Don't you need quote around that?
you have so many issues here, I advice you to trouble shoot step by step. and redesign tis whole thing.
I put something real quick together that works on my system.
This is a basic method and I mean basic, so you'll need to do the rest.
Just change the DB credentials to your own, and the the_user_id assigned to $_SESSION['user_id']

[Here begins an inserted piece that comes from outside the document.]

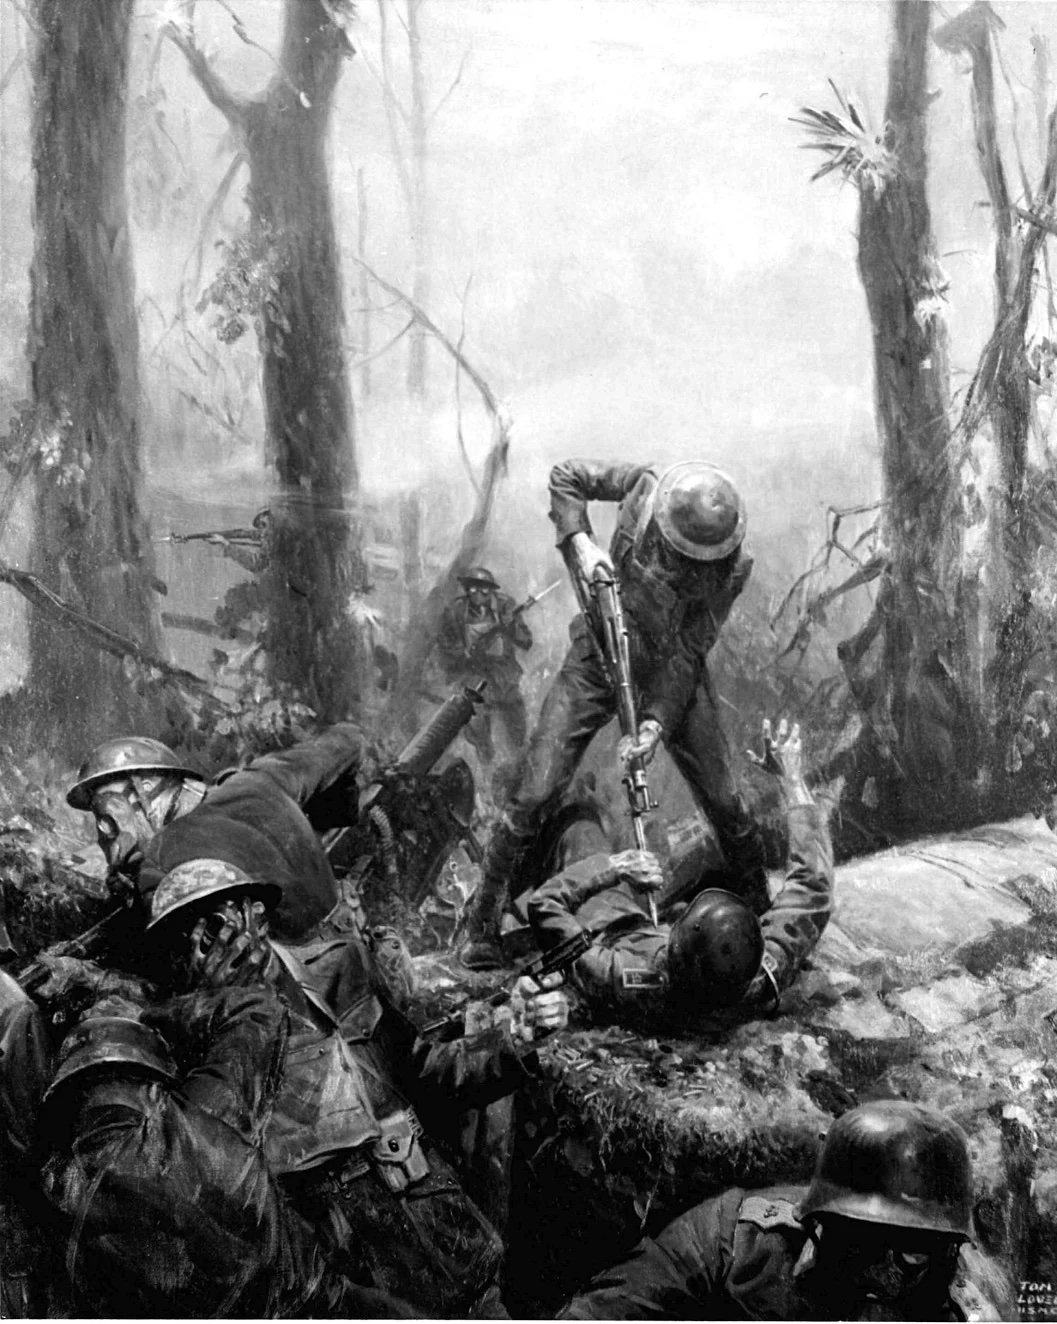 A painting by Sgt. Tom Lovell of the Second Division Marines at Belleau Wood. (USMC Archives)

It's the best I can do to help.
<?php
$DB_HOST = "xxx";
$DB_USER = "xxx";
$DB_PASS = "xxx";
$DB_NAME = "xxx";
$dbc = new mysqli($DB_HOST, $DB_USER, $DB_PASS, $DB_NAME);
if($dbc->connect_errno > 0) {
die('Connection failed [' . $dbc->connect_error . ']');
}
session_start();
$_SESSION['user_id'] = "the_user_id"; // change this to the user's id
// You can use * also as the line from below
// $sql = $dbc->query("SELECT * FROM `ccp2_user` WHERE `user_id` = '" . $_SESSION['user_id'] . "'");
$sql = $dbc->query("SELECT `first_name` FROM `ccp2_user` WHERE `user_id` = '" . $_SESSION['user_id'] . "'");
while($row= mysqli_fetch_array($sql))
{
echo $row['user_id'];
}
// for testing purposes
// var_dump($_SESSION['user_id']);
// var_dump($_SESSION);
mysqli_close($dbc);
Its here,
require_once('appvars.php');
require_once('connectvars.php');
One of these file must not be set or php cant find these file. So as it says 'require' which means till we dont get this file it will not proceed. so it halt the execution there itself.
try it with :
include('appvars.php');
include('connectvars.php');
It you see the page then problem is here itself.